*Aim of the task:* Set down exactly the lines that run from the one containing "USS Shaw esplodere" to the end of the material below, both included, without pictures.

*Material provided:*
━━━━━━━━━━━━━━━━━━━━━━━━━━━━━━

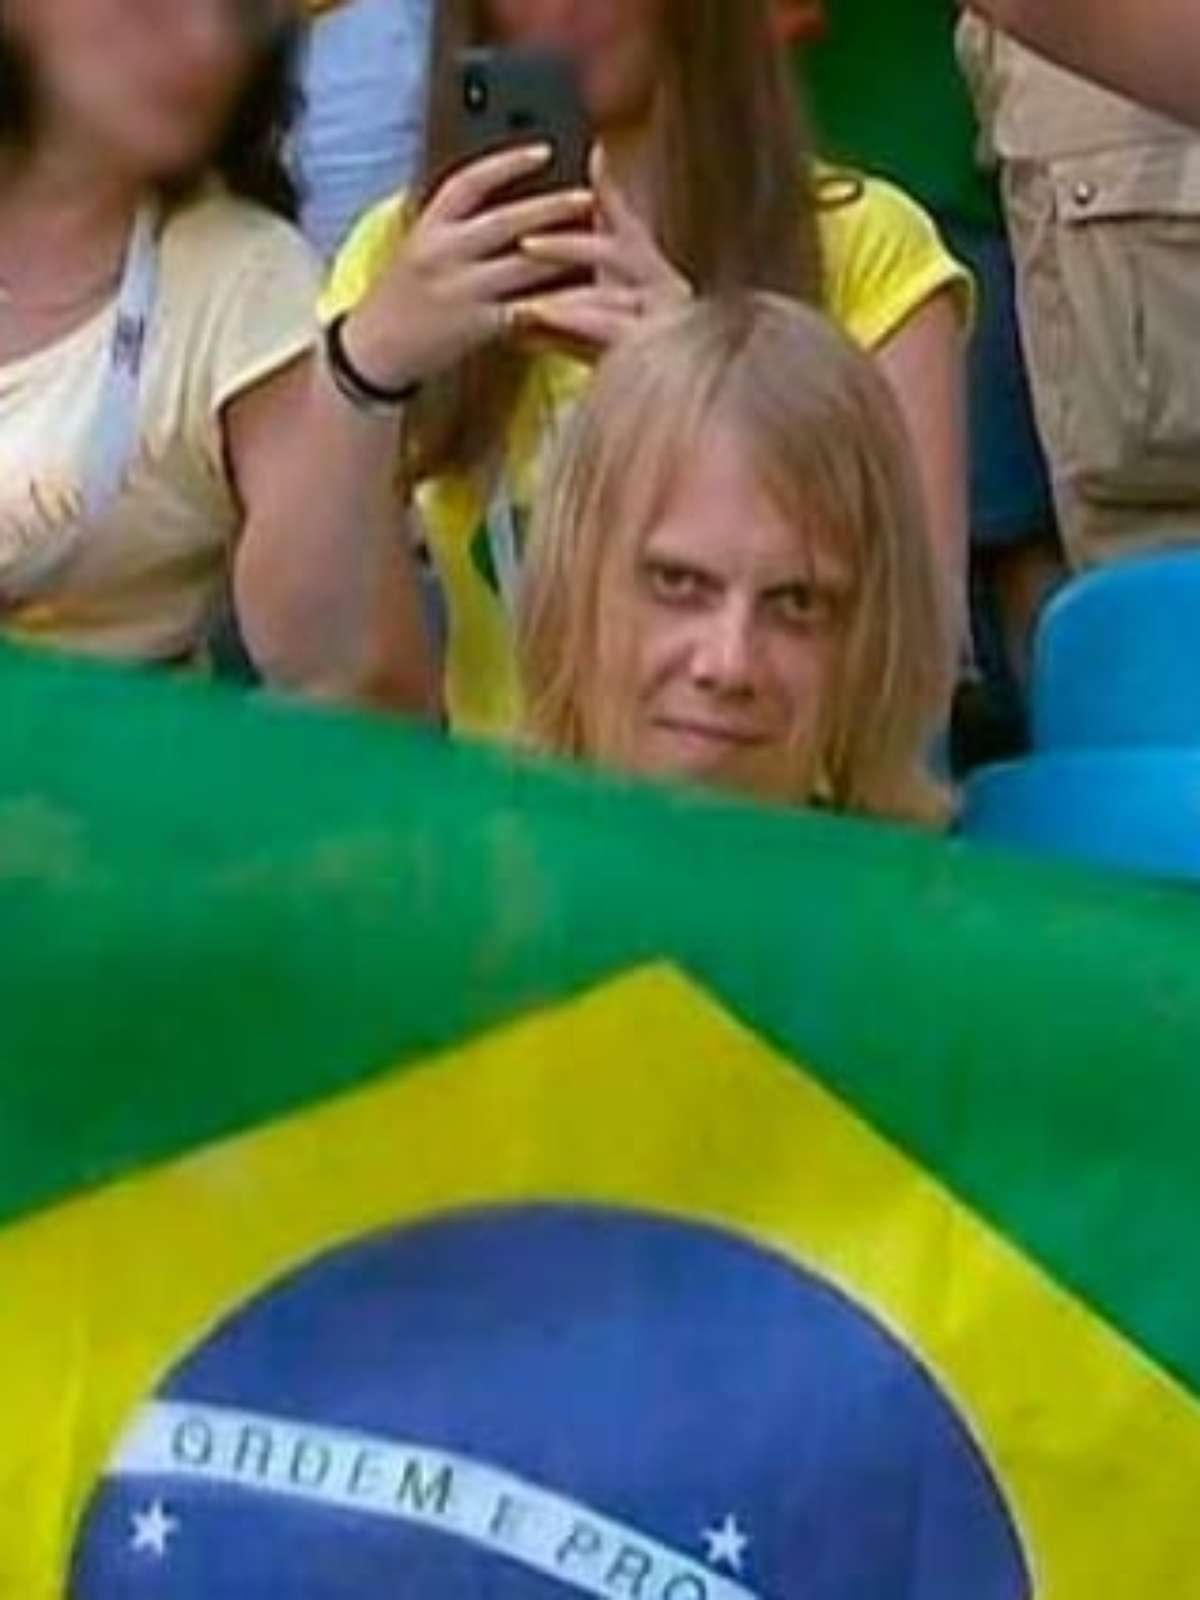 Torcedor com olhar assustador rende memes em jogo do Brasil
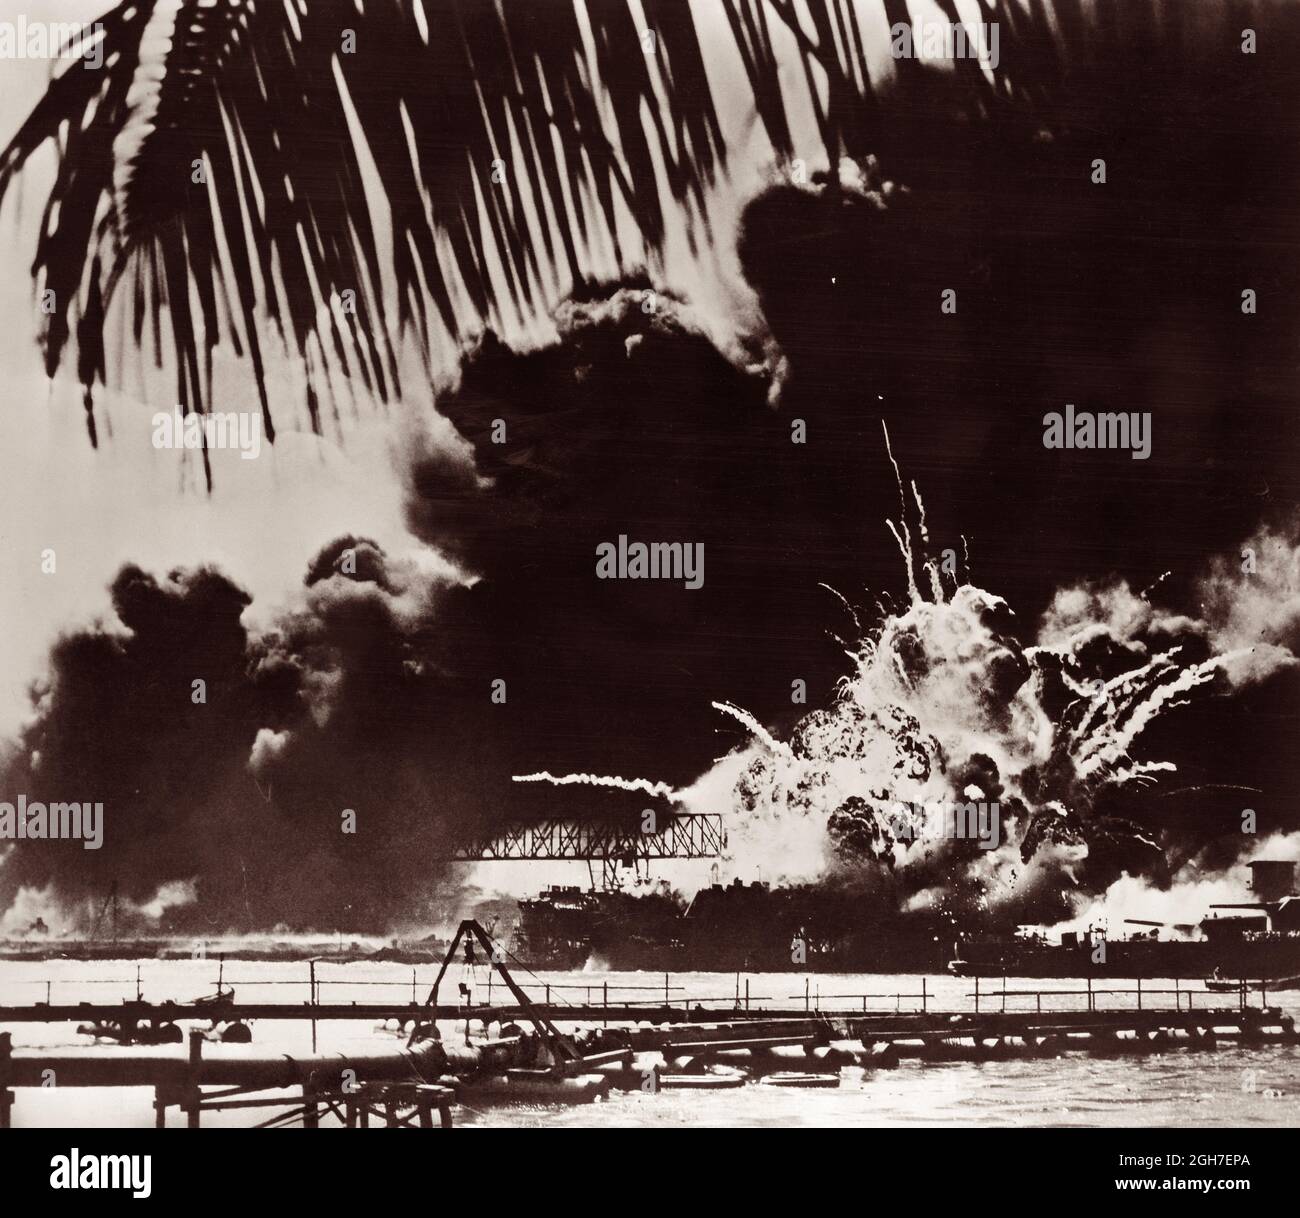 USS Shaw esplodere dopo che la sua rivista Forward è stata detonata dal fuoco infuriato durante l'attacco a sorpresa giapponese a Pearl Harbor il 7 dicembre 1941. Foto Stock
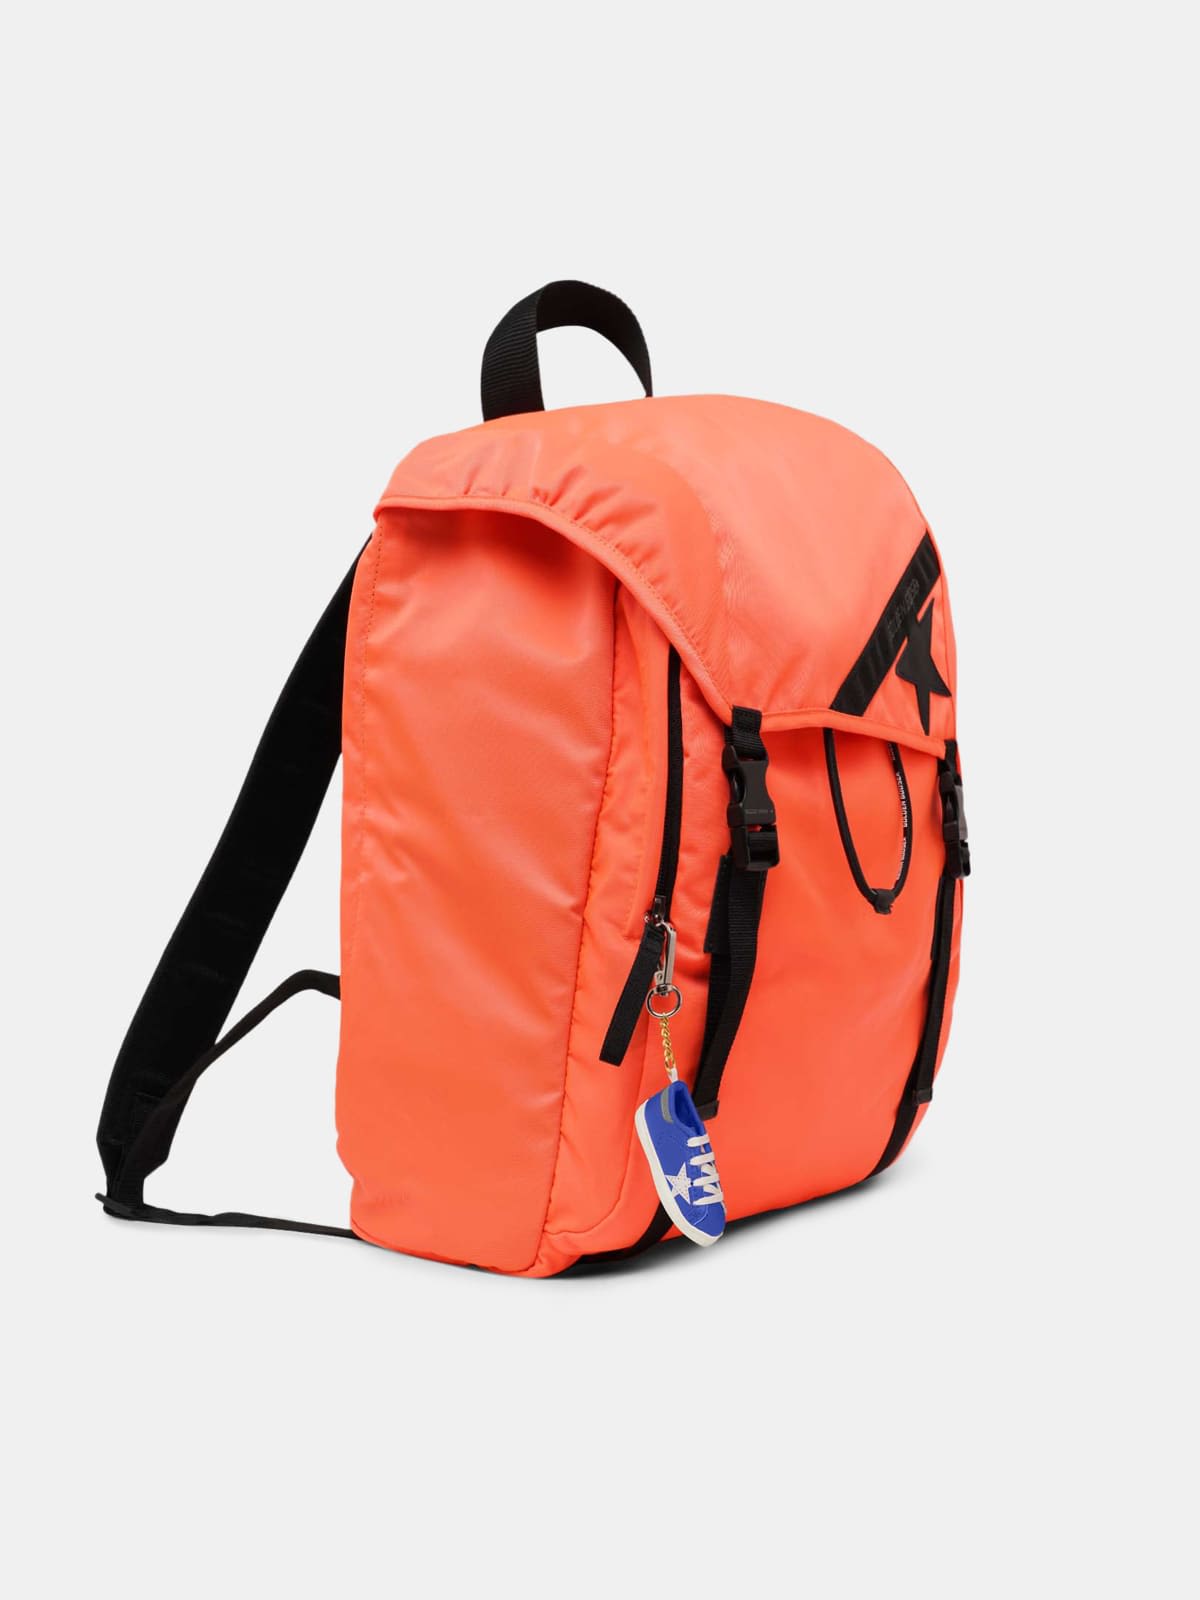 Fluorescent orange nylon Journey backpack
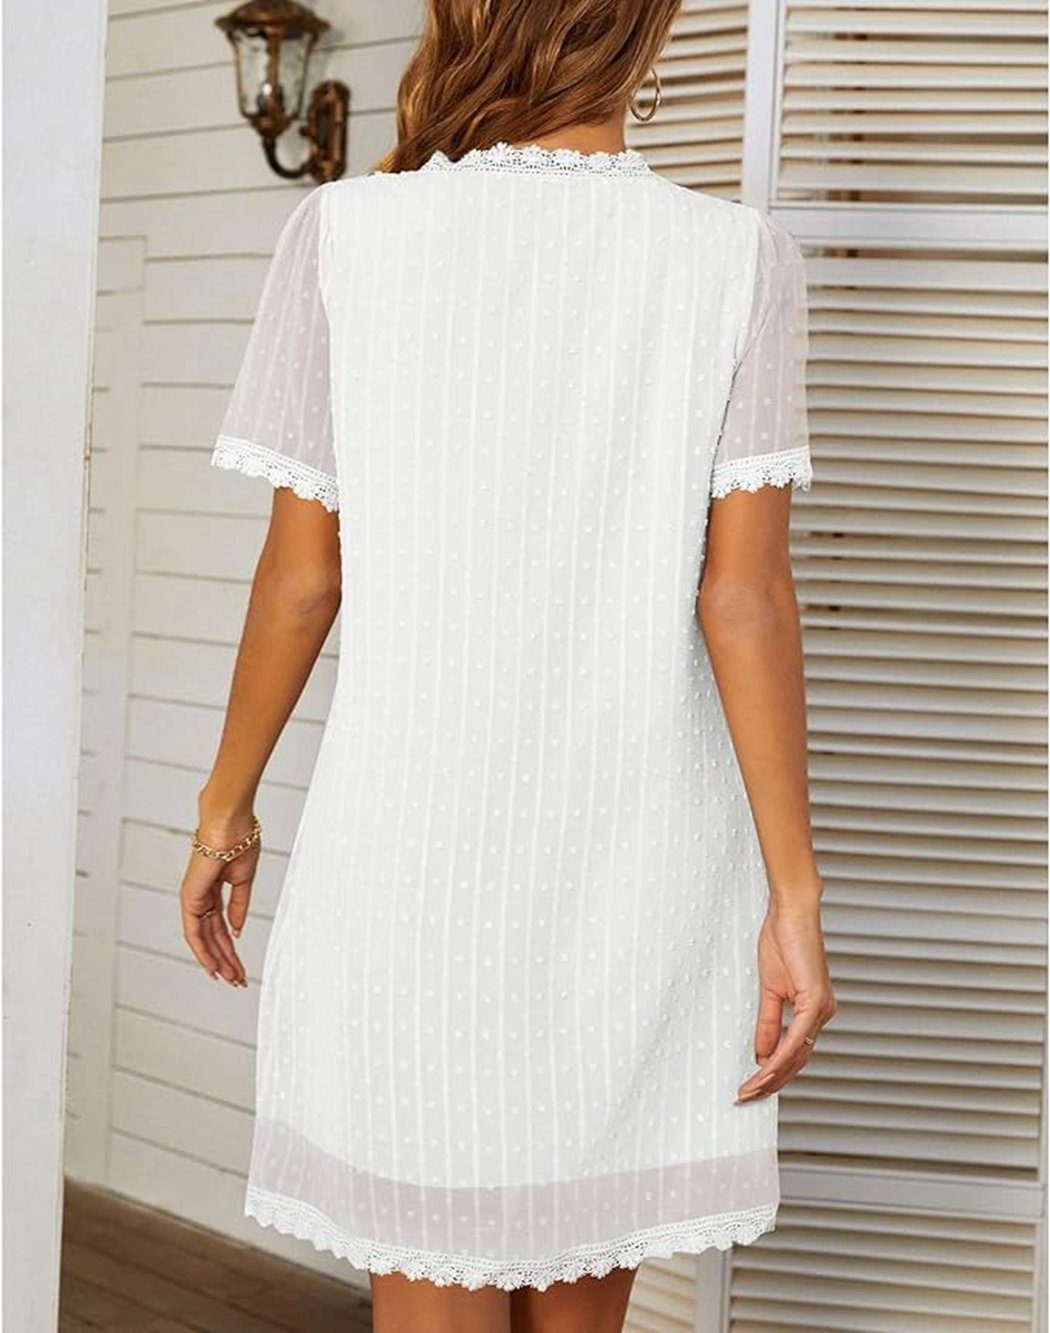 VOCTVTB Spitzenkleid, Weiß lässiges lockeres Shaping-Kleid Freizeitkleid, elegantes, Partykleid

━━━━━━━━━━━━━━━━━━━━━━━━━━━━━━

*Output of the task:*
 USS Shaw esplodere dopo che la sua rivista Forward è stata detonata dal fuoco infuriato durante l'attacco a sorpresa giapponese a Pearl Harbor il 7 dicembre 1941. Foto Stock
 Fluorescent orange nylon Journey backpack
 VOCTVTB Spitzenkleid, Weiß lässiges lockeres Shaping-Kleid Freizeitkleid, elegantes, Partykleid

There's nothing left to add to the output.